I'll have more to say about the Varna Master Plan meeting last night, which mostly went well, but first I'd like to spit out one especially indigestible bit.
When it came time to talk about opportunities, Larry Fabbroni, the engineer on the Varna II project, said he'd been "listening" and that if people looked closely, his project would address 85% of what people want. Steve Lucente, the developer of the project, has said similar things at past meetings - this is a recurring theme in their pressing ahead with the project. (January is apparently the new "soon", after the ZBA appeal.)
Unfortunately, "listening" not only means "hearing the words", it generally connotes actually doing something in response and maybe even sharing that something. We keep hearing that there will be something new to look at "soon", though that "soon" always stays a few weeks to a month away, and the basic numbers for the project - 260 units and 30,000 square feet of commercial space - don't ever change.
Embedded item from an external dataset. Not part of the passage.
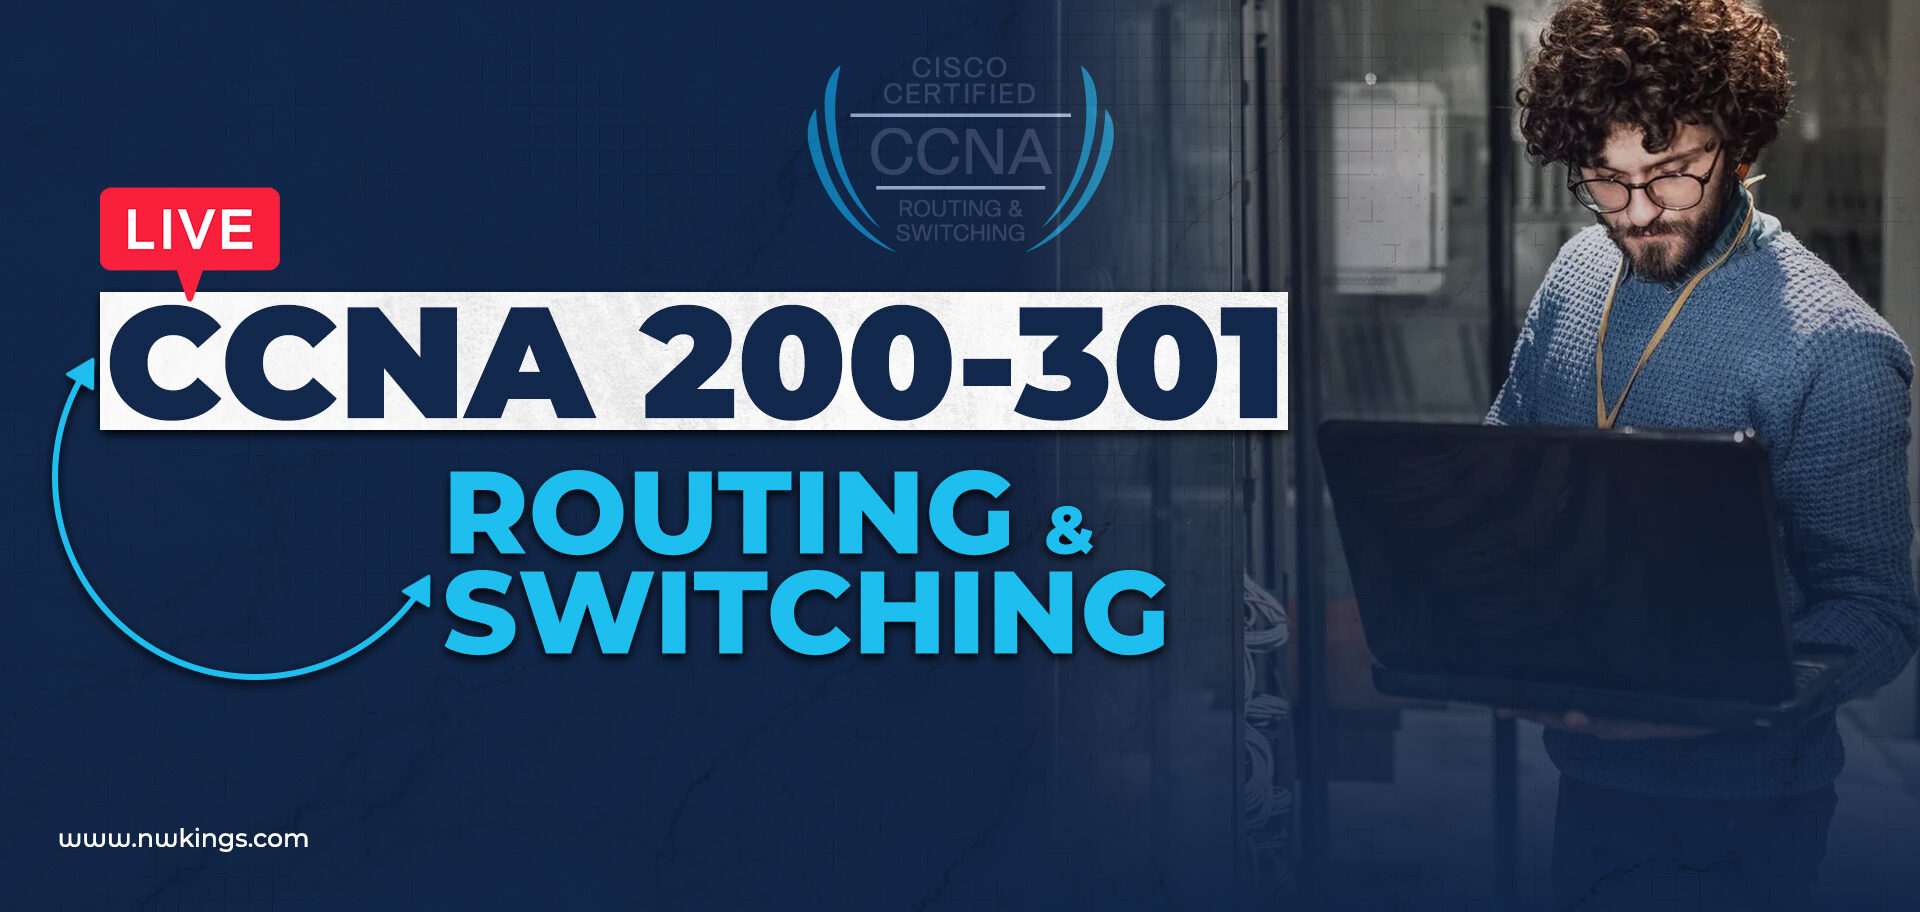 routing and switching interview questions, routing and switching basics pdf, routing and switching protocols, routing and switching interview questions pdf, routing and switching essentials, routing and switching basics, routing and switching jobs, routing and switching cisco, routing and switching mcqs, ccna routing and switching, ccnp routing and switching, ccna routing and switching pdf, cisco routing and switching, hcia routing and switching, ccie routing and switching, ccnp routing and switching pdf, difference between routing and switching, cct routing and switching,, ccna routing and switching syllabus

What makes this a lot worse, of course, is that Lucente's earlier proposal for a 170-unit development ran into almost the exact same set of objections a decade ago. Somehow "listening" to that conversation seems to have produced the idea that if people object to a big neighborhood-changing project, the way to respond to those concerns is to come back with a proposal that's half again as large and far more visible.
The developers do cherry-pick pieces out of the conversation when they fit what they already want to do, but I don't think the rest of us are blind for not being impressed. Add Lucente's having contributed to those problems with his lack of interest in maintaining the buildings he plans to tear down, and a far from perfect launch of his Observatory Circle project a few years ago, and this is some serious chutzpah.